Housing crisis requires 'collective effort' - expert

A housing expert is backing Phil Twyford's warning to "land bankers" that the Government could seize their space if they don't give it to housing developments.

Strategist Leonie Freeman told The AM Show there's a difference between playing a "long-term game" with land, and "sitting on it doing nothing".

"I think that's a good thing that we should look at, because it's not right when we've got a housing crisis in the city where we've got large tracks of good-quality developable land that is just sitting doing nothing where the people who own it have no intent."

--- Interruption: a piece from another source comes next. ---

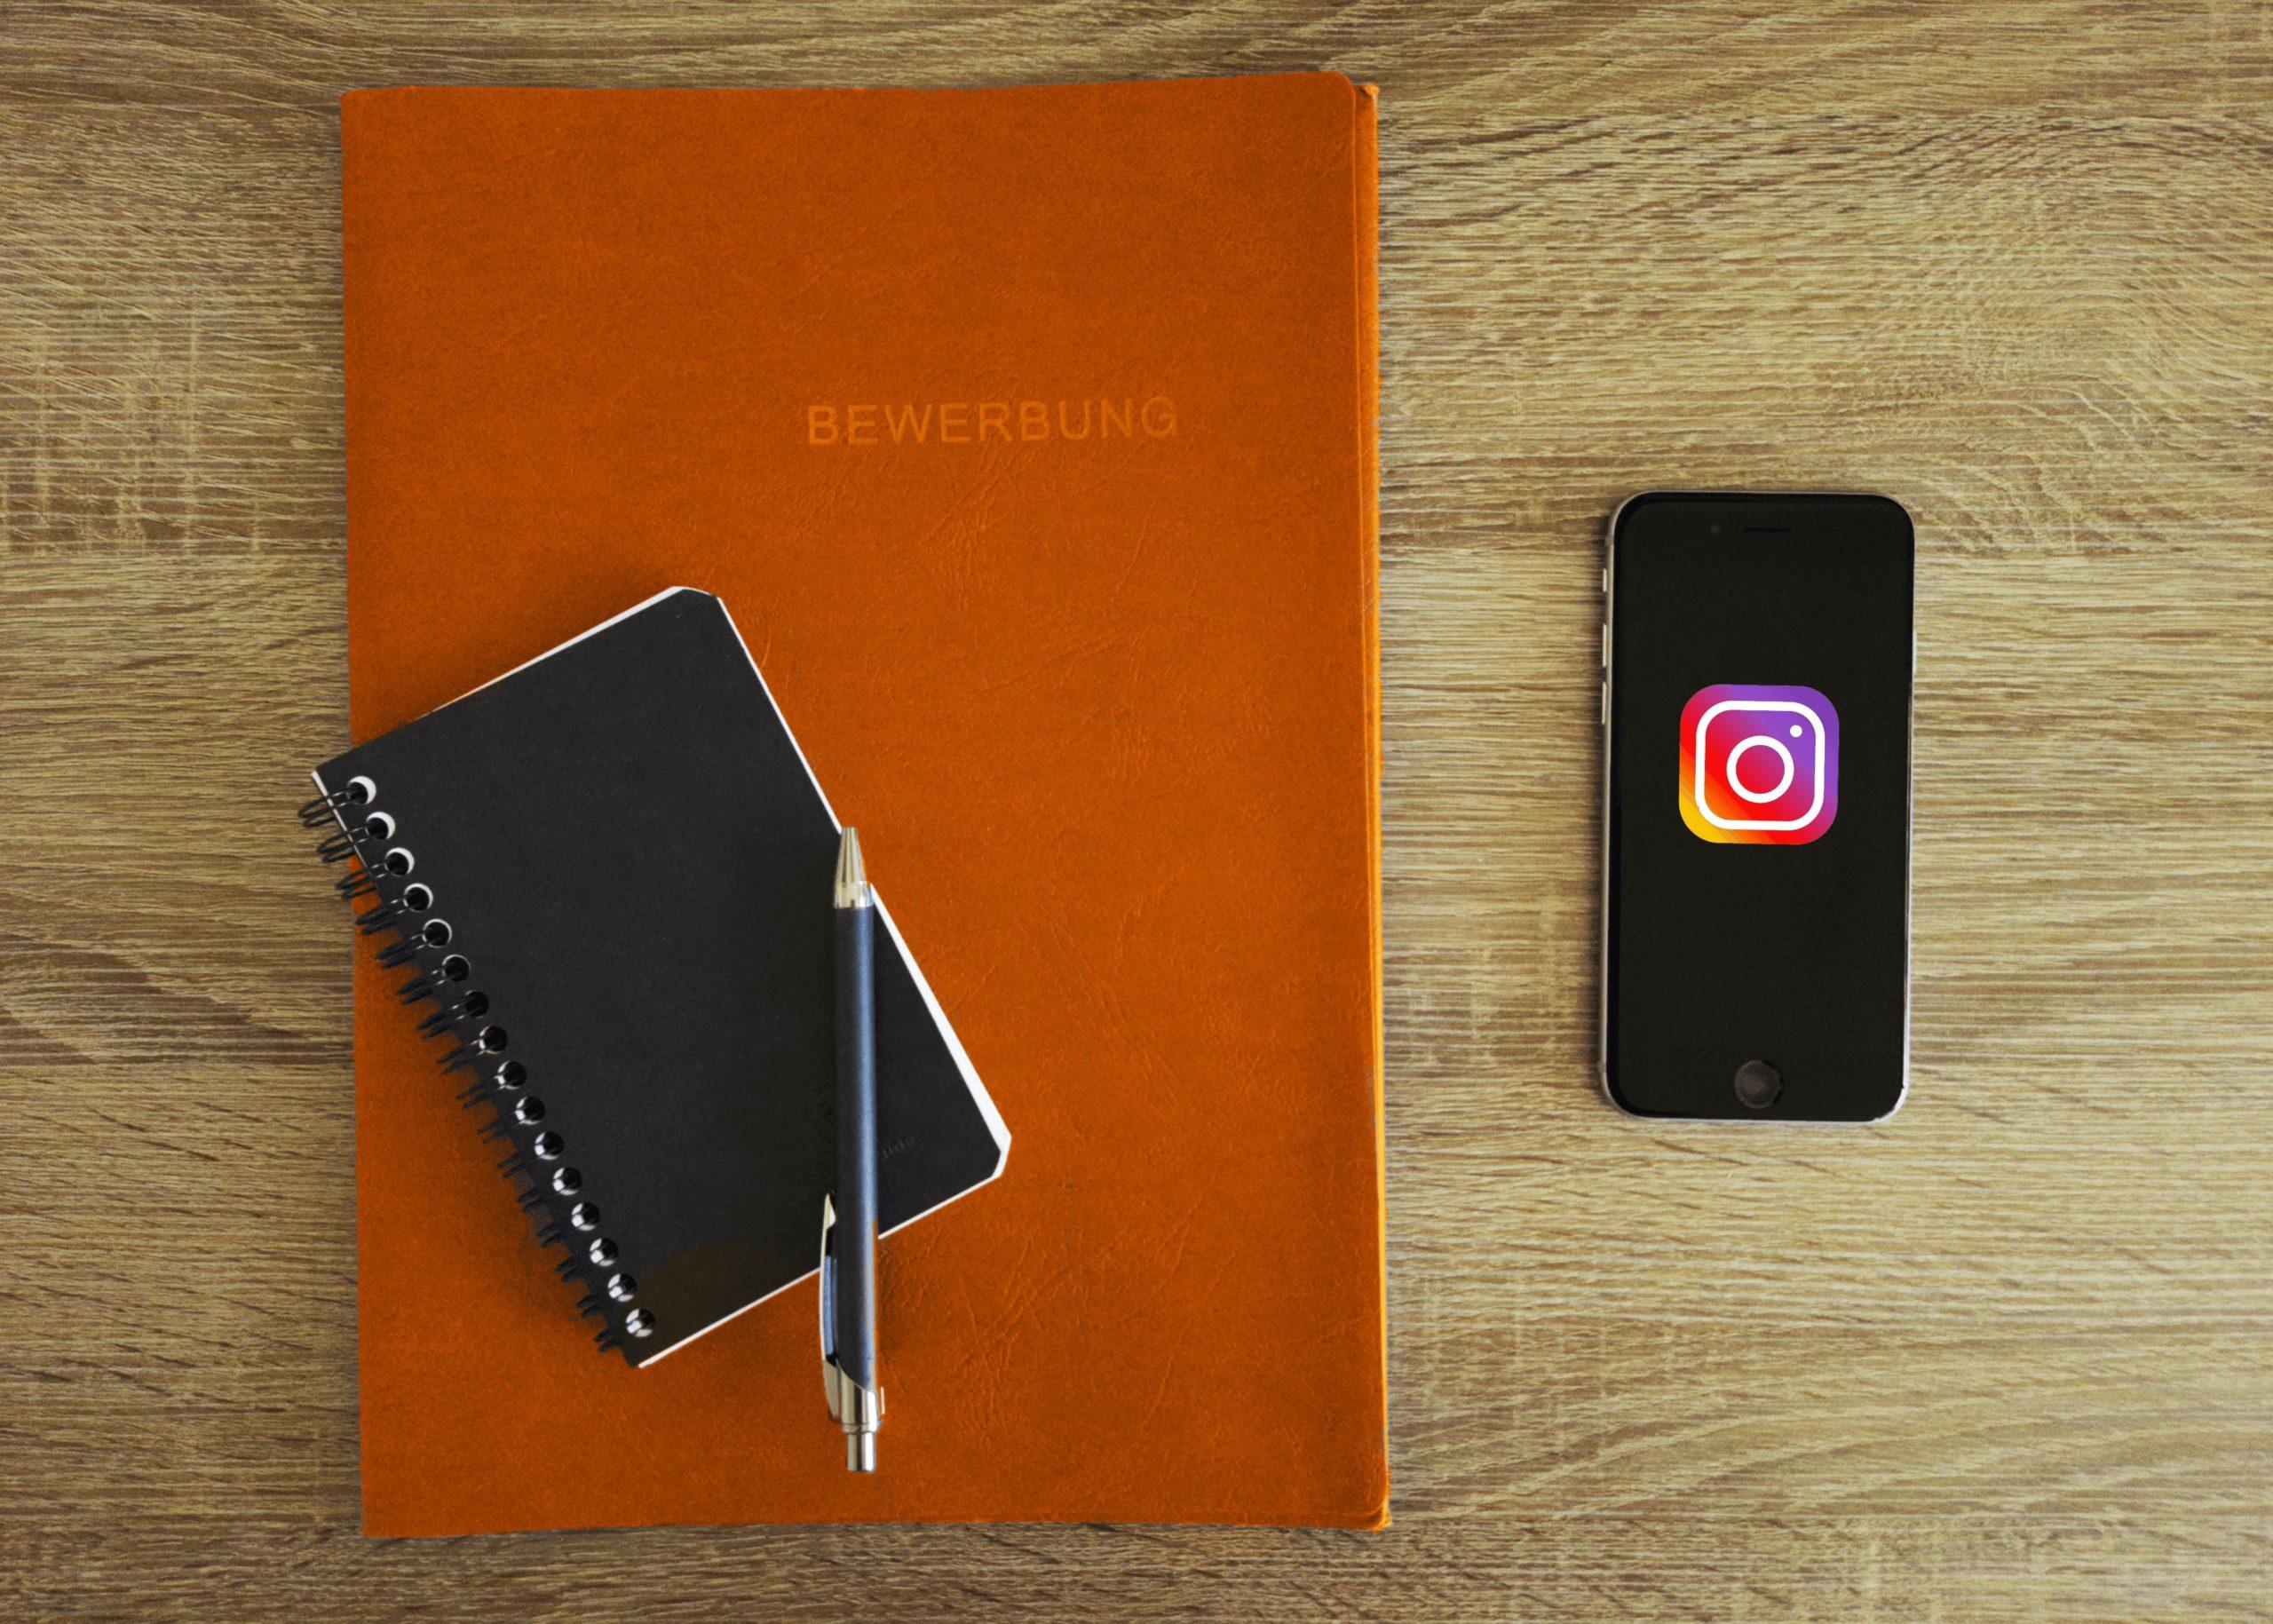 Instagram Recruiting: Bewerbungsunterlagen und Smartphone

On Monday Mr Twyford, the new Housing Minister, warned if "land bankers holding out a massive new development that's going to deliver thousands of new homes" won't hand land over, the Government could seize it.

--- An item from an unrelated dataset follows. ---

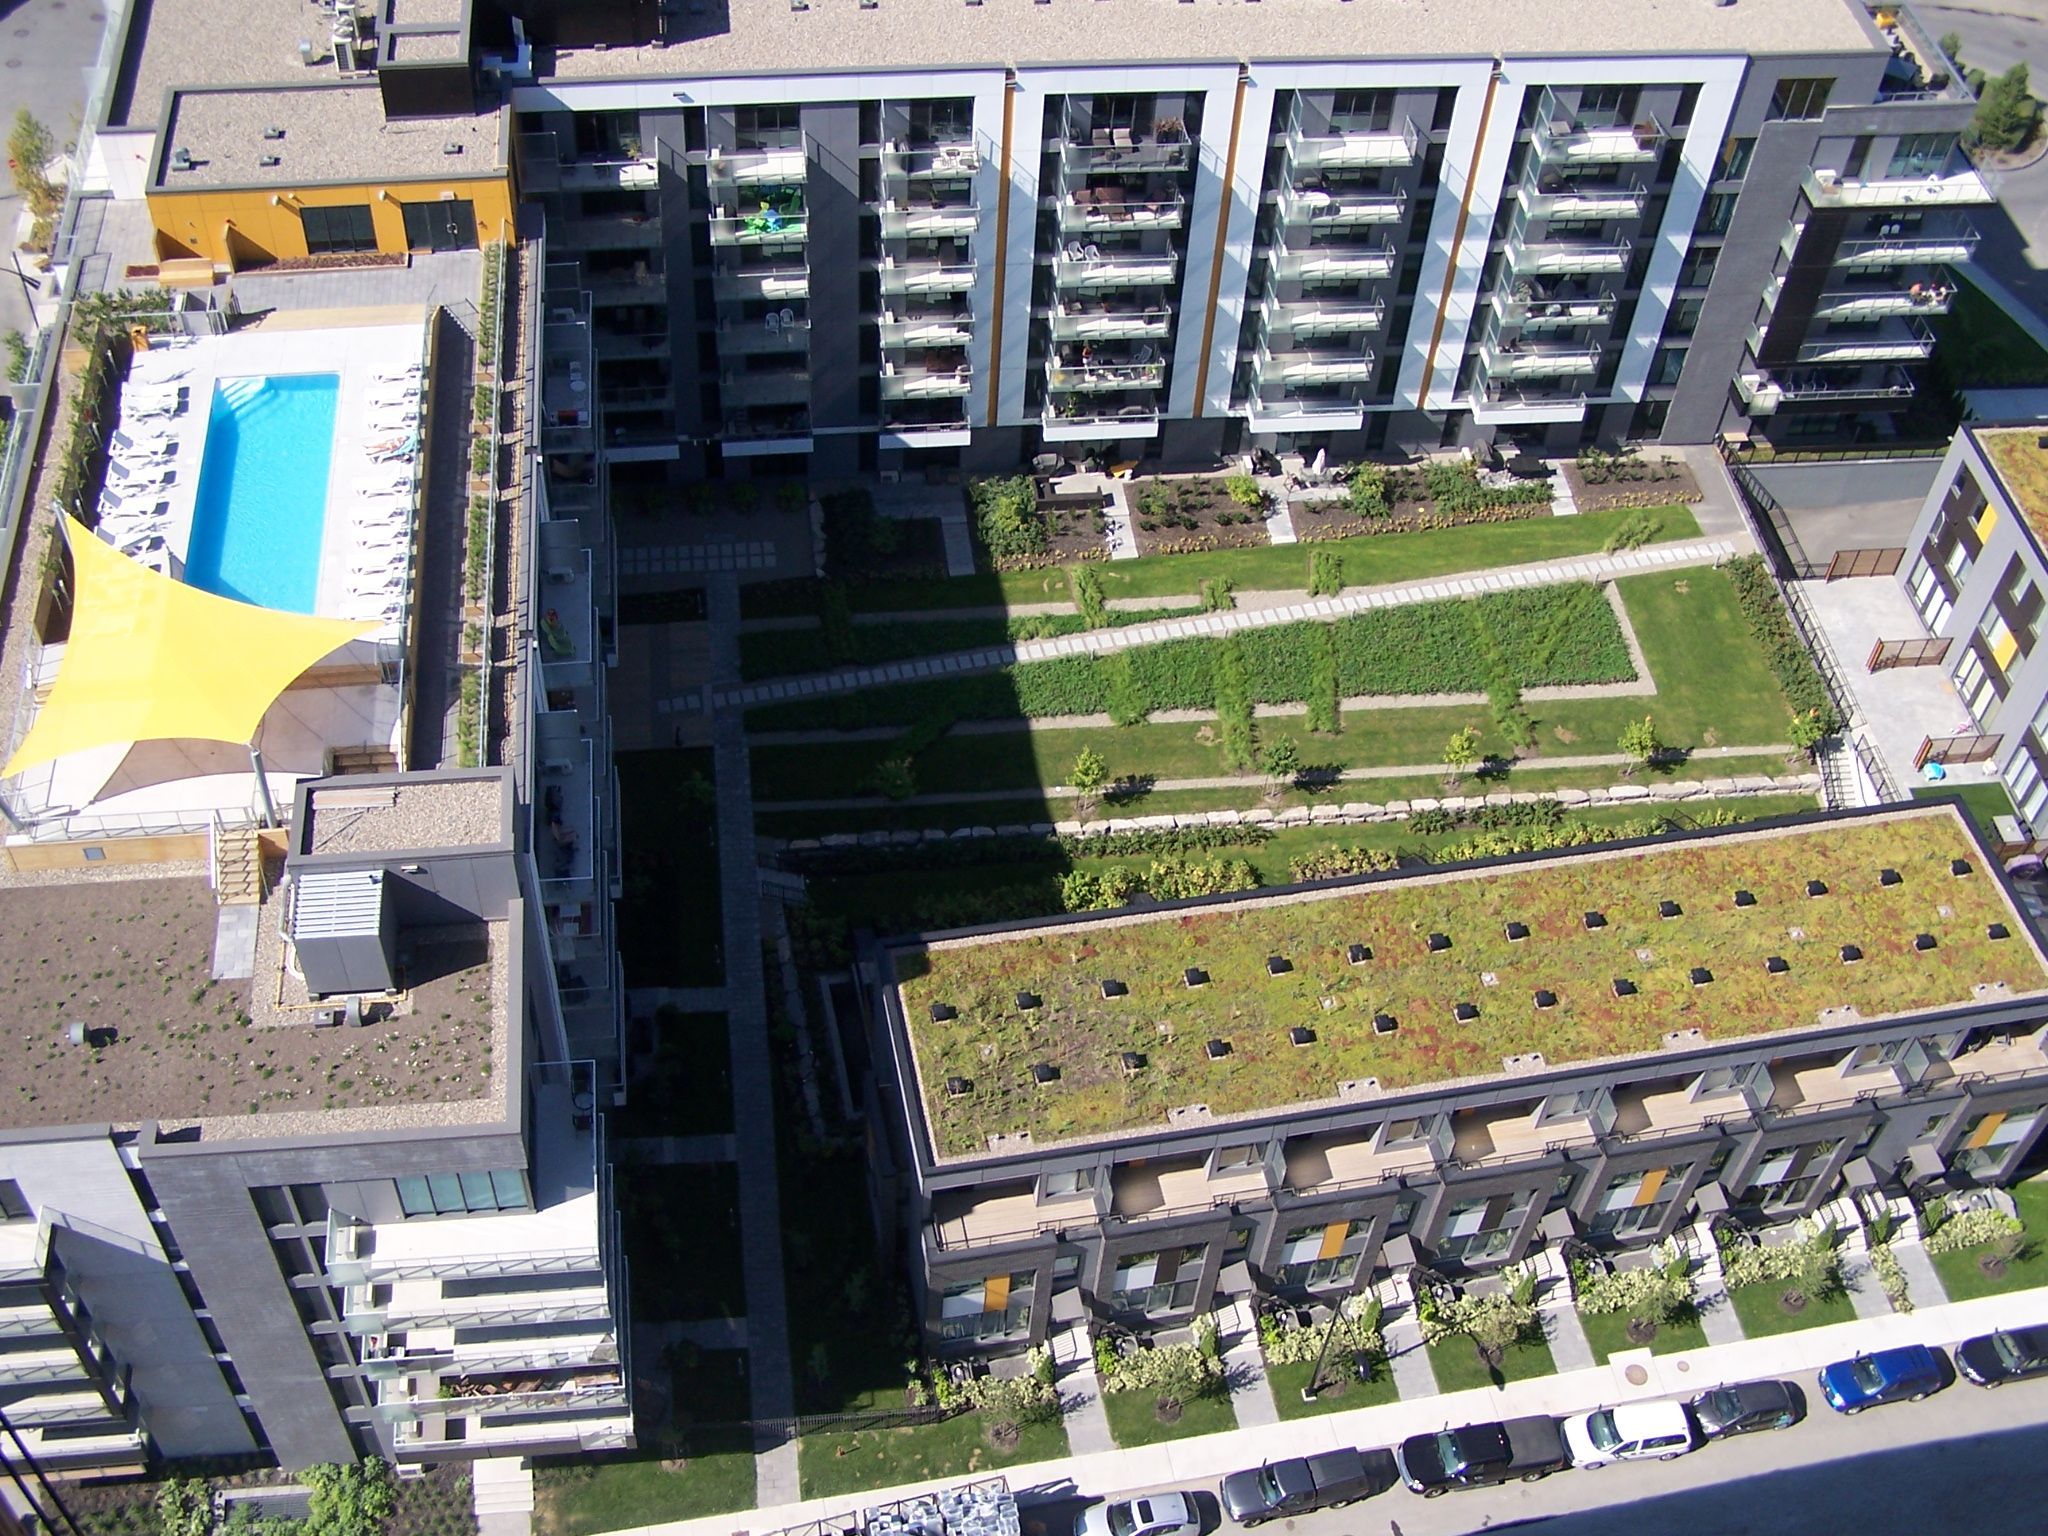 Toiture végétale et piscine sur le toit du ZUNI. Green roof and rooftop pool.

He says the law does not need to be changed to allow the agency to have that power - it already exists under the Public Works Act.

"The minister is hereby empowered to acquire, under this act, any land required for a Government work," it reads.

Ms Freeman says he' simply acknowledging fixing Auckland's housing crisis will require a collective effort.

"Nobody in the individual sectors can do it by themselves.

"You have everybody form Government, council, private sector, developers, iwi, the community housing sector and the finance community… Somehow we have to find a way to bring them together, have a plan and a vision for the city."

While she believes Mr Twyford's target of building 100,000 houses within 10 years is a "big grunty target" which will take at least three years to ramp up, she says it's "bold and innovative and creative".

"At the end of the day we desperately need some solutions around this. So I like the idea."